→ **What to work on**
Below is a listing to repeat exactly, with its pictures left out.

→ **Provided data**
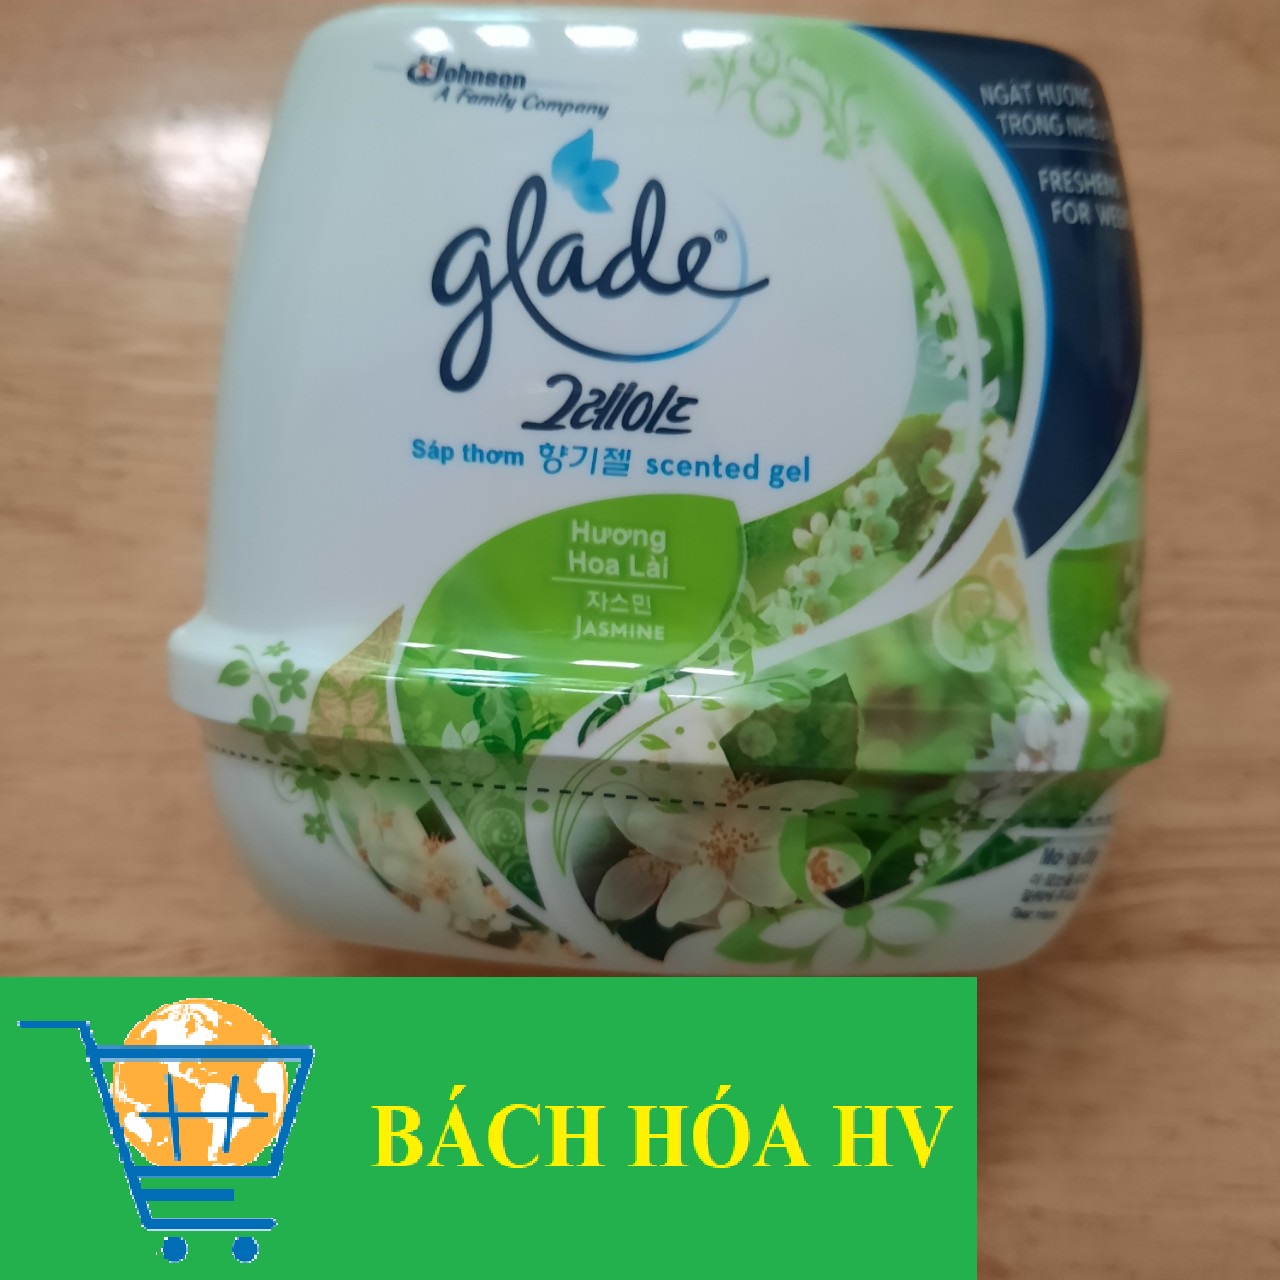 Sáp thơm Glade 180g (Hương Hoa Lài) - BACH HOA HV thumbnail
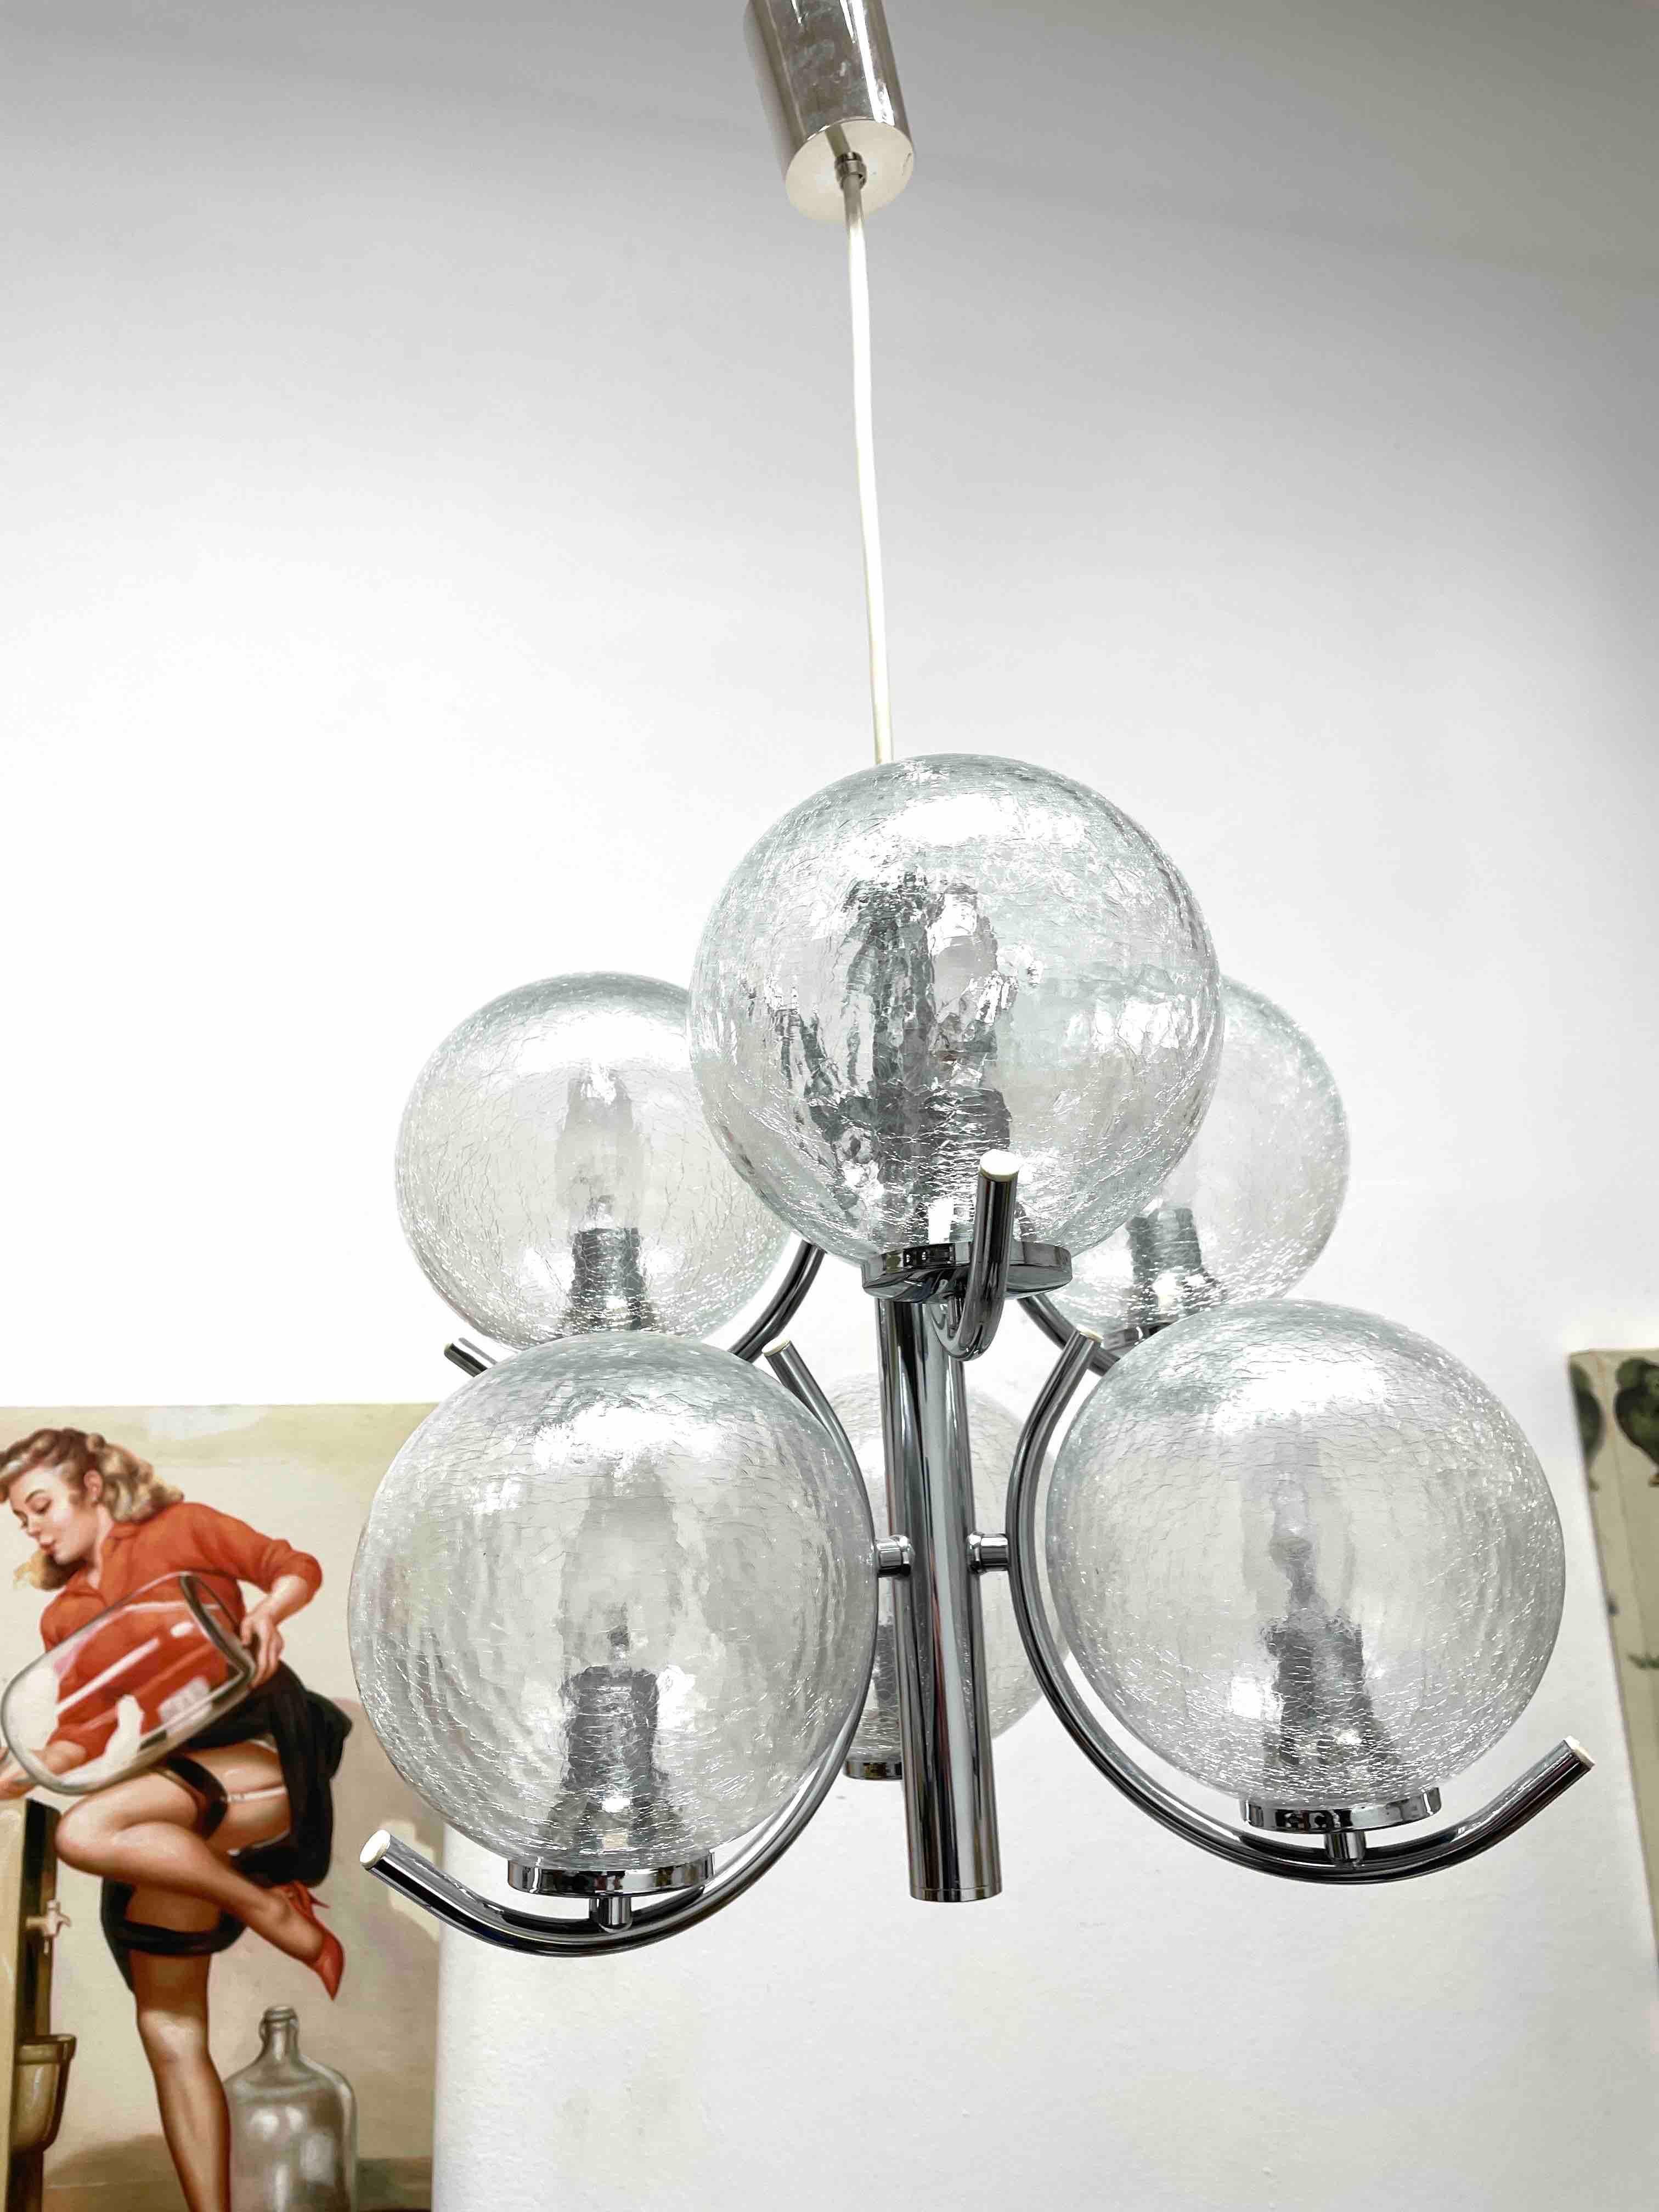 Un lustre Richard Essig fabriqué en Allemagne dans les années 1960. Il est fascinant avec son design de l'ère spatiale et ses six boules transparentes. Le corps de la lampe est entièrement en métal, y compris les bras.
Le lustre nécessite 6

→ **Exercise answer**
 Sáp thơm Glade 180g (Hương Hoa Lài) - BACH HOA HV thumbnail
 Un lustre Richard Essig fabriqué en Allemagne dans les années 1960. Il est fascinant avec son design de l'ère spatiale et ses six boules transparentes. Le corps de la lampe est entièrement en métal, y compris les bras.
Le lustre nécessite 6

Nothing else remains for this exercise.